Datashader is a data rasterization pipeline for automating the process of creating meaningful representations of large amounts of data. Datashader breaks the creation of images of data into 3 main steps:
-
Projection
Each record is projected into zero or more bins of a nominal plotting grid shape, based on a specified glyph.
-
Aggregation
Reductions are computed for each bin, compressing the potentially large dataset into a much smaller aggregate array.
-
Transformation
These aggregates are then further processed, eventually creating an image.
Using this very general pipeline, many interesting data visualizations can be created in a performant and scalable way. Datashader contains tools for easily creating these pipelines in a composable manner, using only a few lines of code. Datashader can be used on its own, but it is also designed to work as a pre-processing stage in a plotting library, allowing that library to work with much larger datasets than it would otherwise.

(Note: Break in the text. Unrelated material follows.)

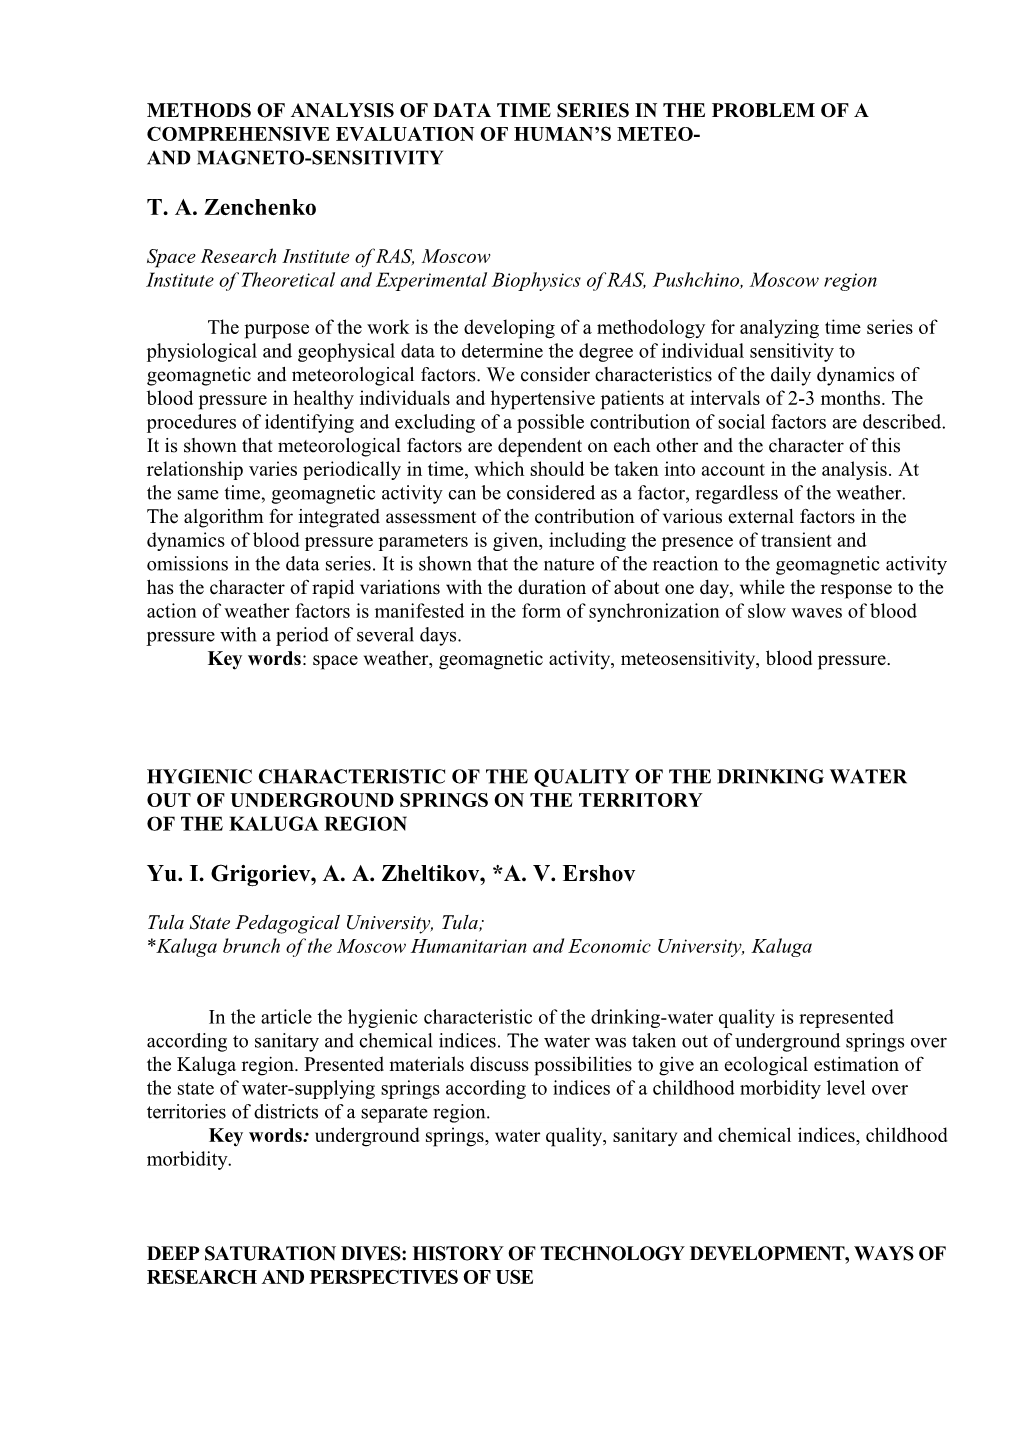 Methods of Analysis of Data Time Series in the Problem of a Comprehensive Evaluation Of

Datashader is available on most platforms using the
conda
package manager,
from the bokeh
channel:
conda install -c bokeh datashader
If you wish, you can manually install from the git repository to allow local modifications to the source code:
git clone https://github.com/bokeh/datashader.git
cd datashader
conda install -c bokeh --file requirements.txt
python setup.py develop
Datashader is not currently provided on pip/PyPI, to avoid broken or low-performance installations that come from not keeping track of C/C++binary dependencies such as LLVM (required by Numba).
The above commands will install only the minimal dependencies required to run datashader itself. Datashader also ships with a large number of example files and notebooks. If you have installed datashader and want to run these yourself, just follow the instructions at the examples README.
If you want to skip a step, you can install datashader together with all the examples and datafiles in a single environment if you download the conda ds environment file, name it "environment.yml" on your local machine, then do:
conda env create environment.yml
source activate ds
(or activate ds
, on Windows). You can then follow the instructions
in the
examples README,
skipping step 4 as the required packages will already be installed. You should
now be able to run the examples and use them as a starting point for your own work.
Additional resources are linked from the datashader documentation, including API documentation and papers and talks about the approach.